By participating in the Placing, each Placee agrees with Collins Stewart that the exercise by Collins Stewart of any right of termination or other discretion under the Placing Agreement shall be within the absolute discretion of Collins Stewart and that Collins Stewart need not make any reference to the Placee in this regard and that, to the fullest extent permitted by law, Collins Stewart shall not have any liability whatsoever to the Placee in connection with any such exercise.


Prospectus


The Prospectus has been published in connection with the Placing and Admission. The Prospectus has been approved by the UK Listing Authority. A Placee may only rely on the information contained in the Prospectus in deciding whether or not to participate in the Placing.


Each Placee, by accepting a participation in the Placing, agrees that the content of this document and the Prospectus is exclusively the responsibility of the Company and confirms to the Placing Agent and the Company that it has neither received nor relied on any information, representation, warranty or statement made by or on behalf of the Placing Agent (other than the amount of the relevant Placing participation in the oral confirmation given to Placees and the trade confirmation referred to below), any of its Affiliates, any persons acting on its behalf or the Company other than the Prospectus and neither the Placing Agent, nor any of its Affiliates, nor any persons acting on its behalf nor the Company will be liable for the decision of any Placee to participate in the Placing based on any other information, representation, warranty or statement which the Placee may have obtained or received (regardless of whether or not such information, representation, warranty or statement was given or made by or on behalf of any such persons) other than the Prospectus. By participating in the Placing, each Placee acknowledges and agrees, to the Placing Agent for itself and as agent for the Company, that, except in relation to the information contained in this document and the Prospectus, it has relied on its own investigation of the business, financial or other position of the Company in deciding to participate in the Placing. Nothing in this paragraph shall exclude the liability of any person for fraudulent misrepresentation.


Registration and settlement


Settlement of transactions in the Placing Shares (ISIN GG00B1DVQL92) following Admission will take place within the CREST system, using the DVP mechanism, subject to certain exceptions. The Placing Agent reserves the right to require settlement for and delivery of the Placing Shares to Placees by such other means that it deems necessary, if delivery or settlement is not possible or practicable within the CREST system within the timetable set out in this document or would not be consistent with the regulatory requirements in the Placee's jurisdiction.

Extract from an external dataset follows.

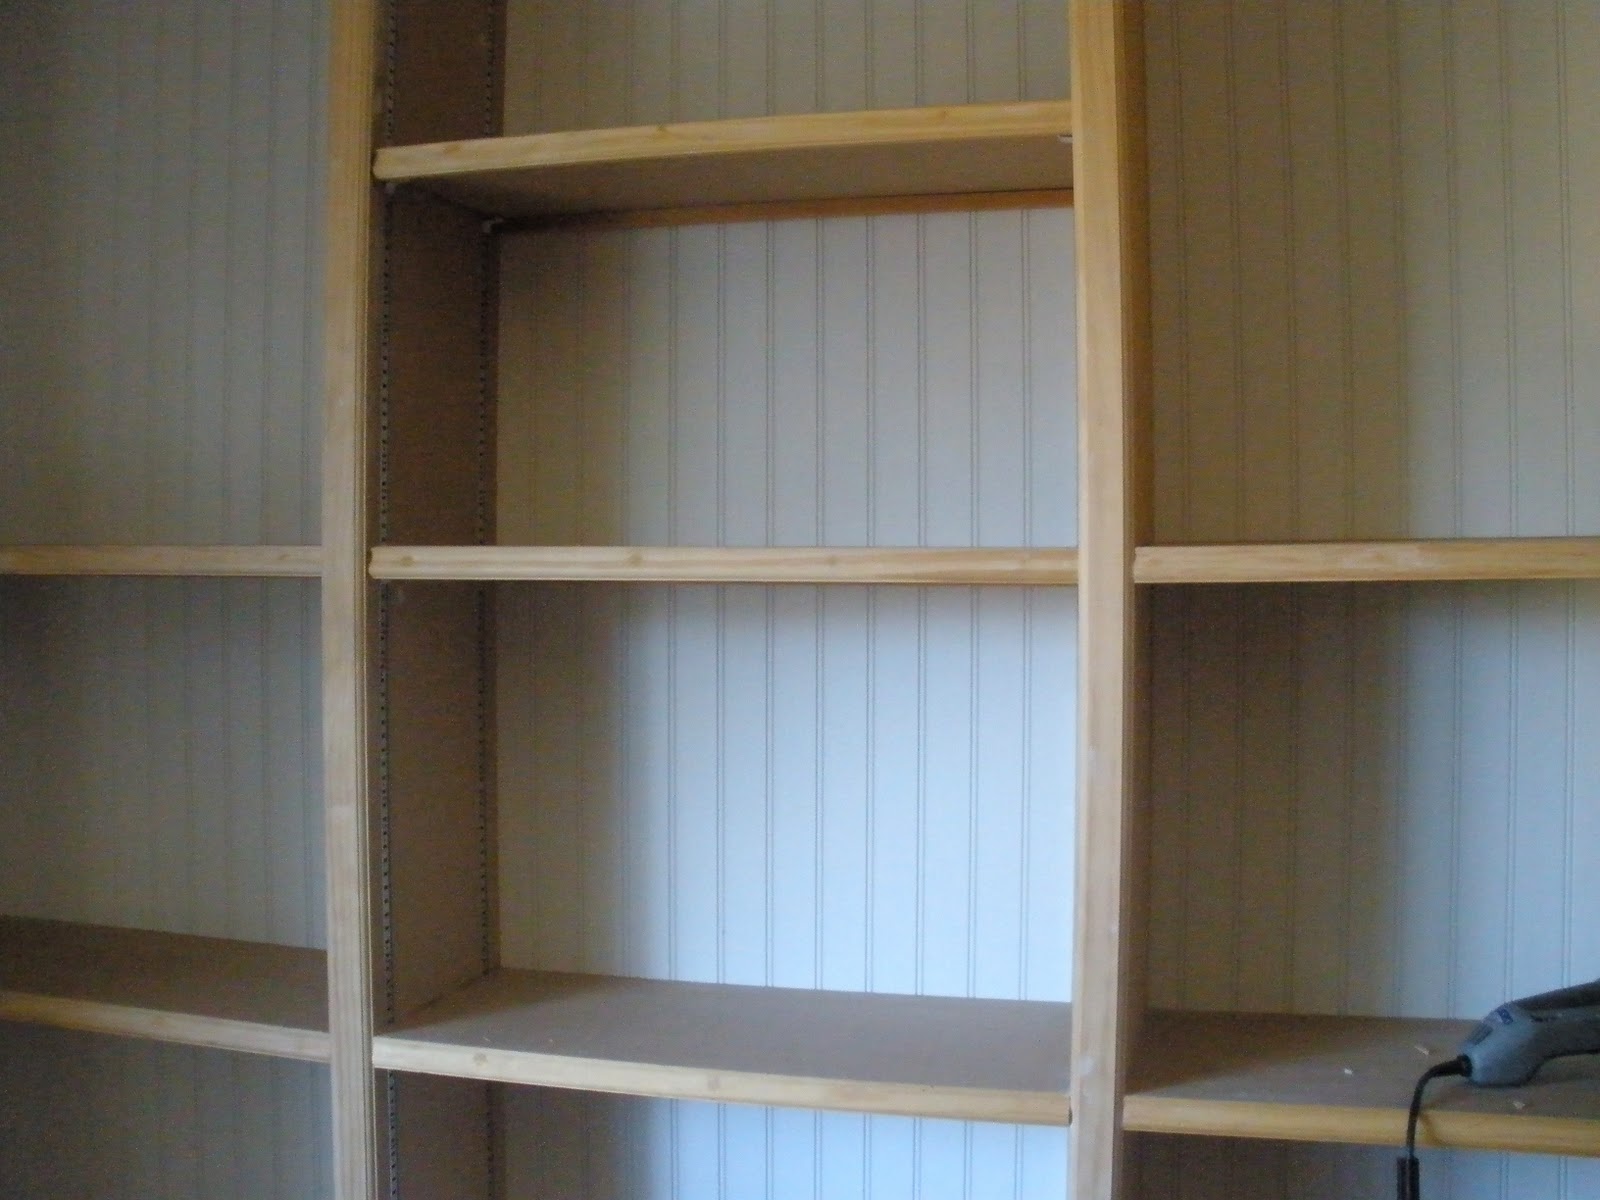 Building Shelves

Each Placee allocated Placing Shares in the Placing will be sent a trade confirmation stating the number of Placing Shares allocated to it, the Placing Price, the aggregate amount owed by such Placee to Collins Stewart and settlement instructions. Placees should settle against CREST ID: 288. It is expected that such trade confirmation will be despatched on 3 April 2009 and that this will also be the trade date. Each Placee agrees that it will do all things necessary to ensure that delivery and payment is completed in accordance with either the standing CREST or certificated settlement instructions which it has in place with the Placing Agent.

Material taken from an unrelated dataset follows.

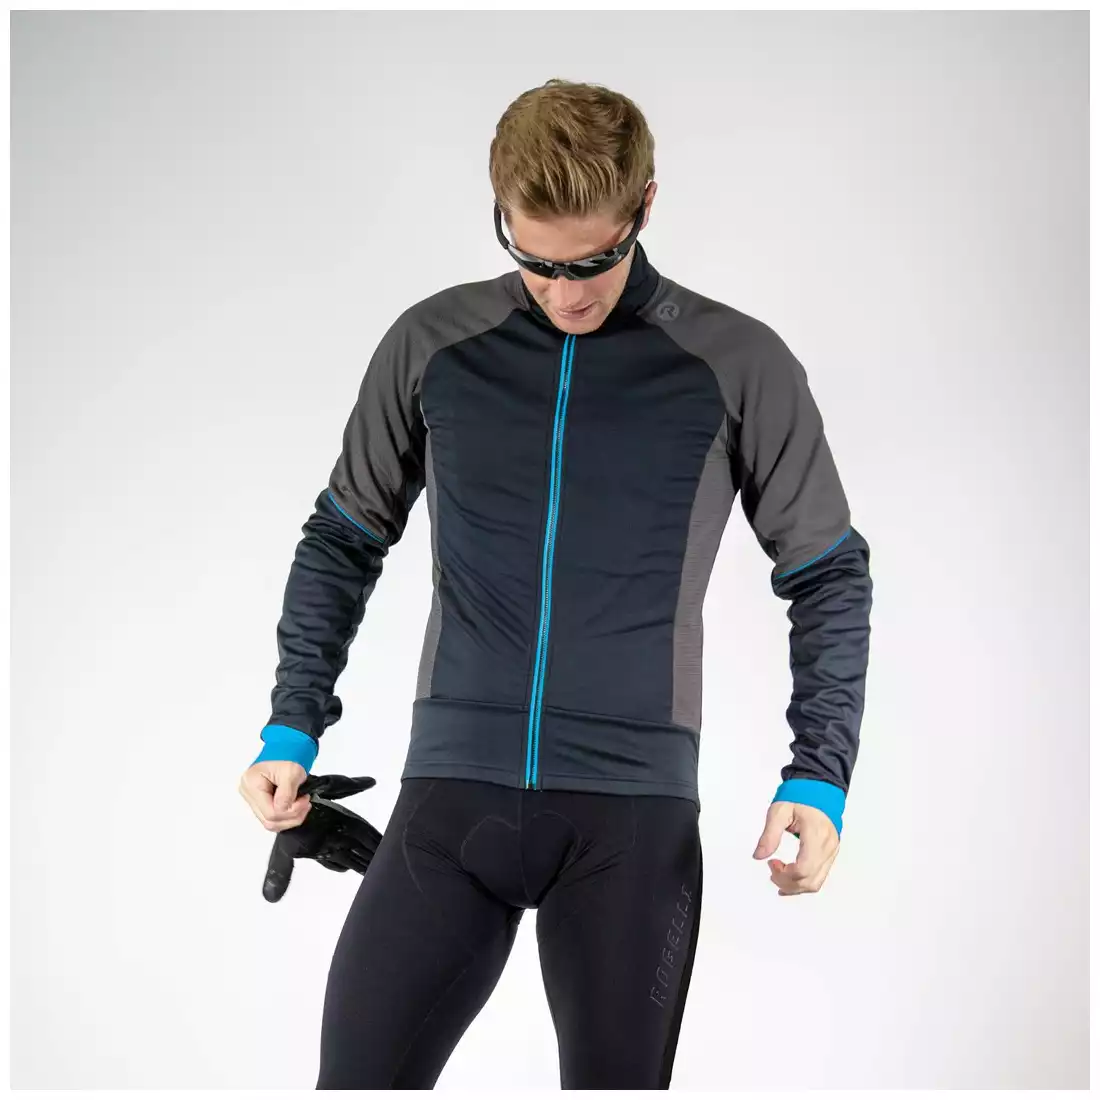 ROGELLI winter cycling jacket TRANI 4.0 softshell, black-gray-blue

It is expected that settlement will be on 8 April 2009 on a T+3 basis in accordance with the instructions set out in the trade confirmation.


Interest is chargeable daily on payments not received from Placees on the due date in accordance with the arrangements set out above at the rate of 2 percentage points above the base rate of Barclays Bank Plc.


Each Placee is deemed to agree that if it does not comply with these obligations, the Placing Agent may sell any or all of the Placing Shares allocated to the Placee on such Placee's behalf and retain from the proceeds, for its own account and profit, an amount equal to the aggregate amount owed by the Placee plus any interest due. The Placee will, however, remain liable for any shortfall below the aggregate amount owed by such Placee and it may be required to bear any stamp duty or stamp duty reserve tax (together with any interest or penalties) which may arise upon the sale of such Placing Shares on such Placee's behalf.


If Placing Shares are to be delivered to a custodian or settlement agent, the Placee should ensure that the trade confirmation is copied and delivered immediately to the relevant person within that organisation.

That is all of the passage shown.